Minneapolis – Attorneys for four former Minneapolis cops charged in George Floyd’s death say each should be tried separately as each officer tries to minimize his own role in the black man’s murder by accusing the others.
Prosecutors say the four should be tried together due to the similarity of the nature of the charges and the evidence, as “it is impossible to assess the conduct of each defendant in a vacuum.”
The ex-agents were due to appear Friday at a hearing to resolve various issues, including the prosecutor’s request to try them all together. Defense requests to move the trial out of Minneapolis, isolate jurors and preserve their anonymity will also be argued.RELATED
Floyd, who was handcuffed, was killed on May 25 as white police officer Derek Chauvin pressed his neck to the ground using one knee. He is charged with murder in the second degree, murder in the third degree and manslaughter. Thomas Lane, J. Kueng and Tou Thao are charged with complicity in second degree murder and unintentional murder.
The defense’s requests to dismiss the charges will not be the subject of Friday’s hearing. The trial is scheduled for March.
It will be the first time that Chauvin will appear in person. He is in prison and has attended previous hearings via video conference.
Prosecutors say there should be only one trial because the evidence – which includes witness statements, body camera videos and the police department’s rules on the use of force – is similar in each case. They add that the agents acted in concert.

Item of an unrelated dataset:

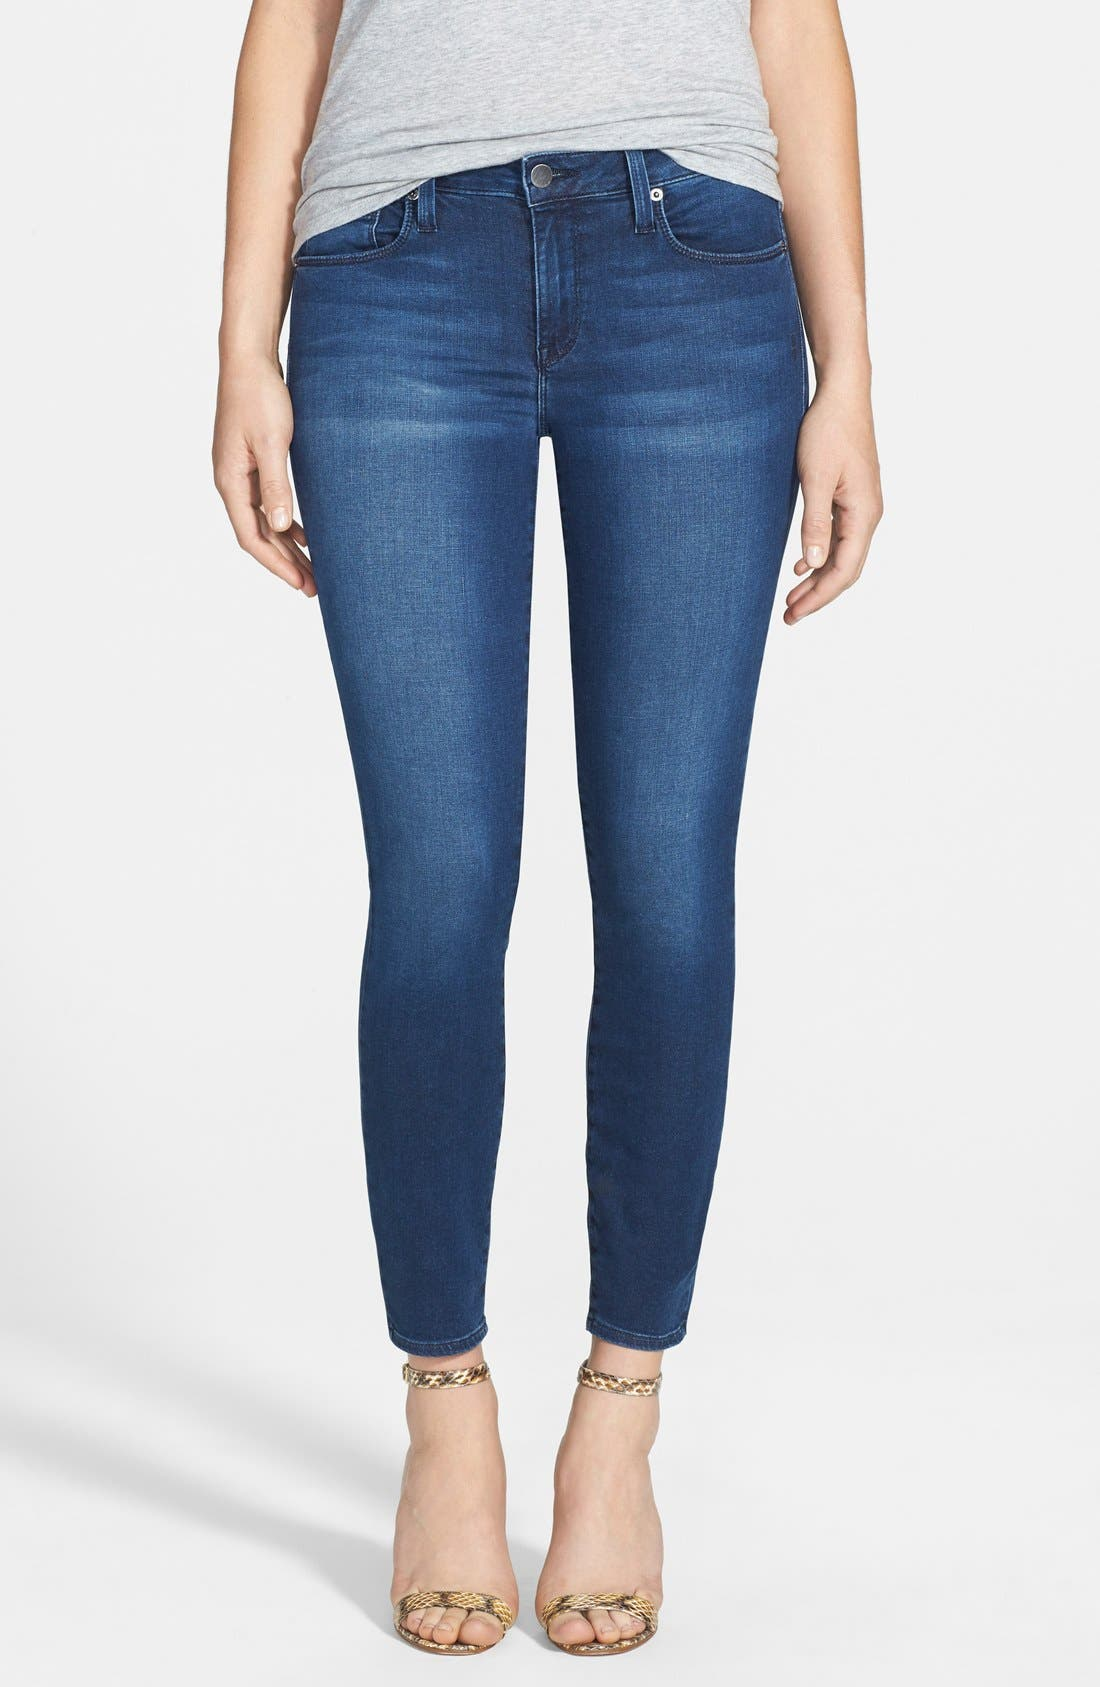 Main Image - Genetic 'Brooke' Crop Skinny Jeans (Riot)

“Here, the four defendants worked together to assassinate Floyd: Chauvin, Kueng and Lane held Floyd upside down while Thao prevented the crowd from intervening to allow the other defendants to hold their positions. The defendants discussed and analyzed their actions throughout the incident, ”says a prosecution document presented to the court.
Prosecutors add that multiple trials would be traumatic for Floyd’s witnesses and relatives and that the single trial would be more efficient and in the best interests of justice.
Lawyers respond that they will likely present “conflicting” defenses and that evidence against one agent could negatively affect another’s right to a fair trial.
Mutual accusations already abound in the briefs presented by the defenders. Lawyers for Lane and Kueng maintain that their defendants are rookies who followed Chauvin’s orders. Thap’s attorney, Bob Paule, says his client’s role was “totally different” from the others because he controlled the crowd and protected the scene while the other three held Floyd.
Chauvin’s attorney, Eric Nelson, also points a finger at the others, noting that Lane and Kueng were the first to arrive and make contact with Floyd.
The lawyers of the four have requested the transfer of the process, because the publicity before the trial prevents them from giving them a fair trial.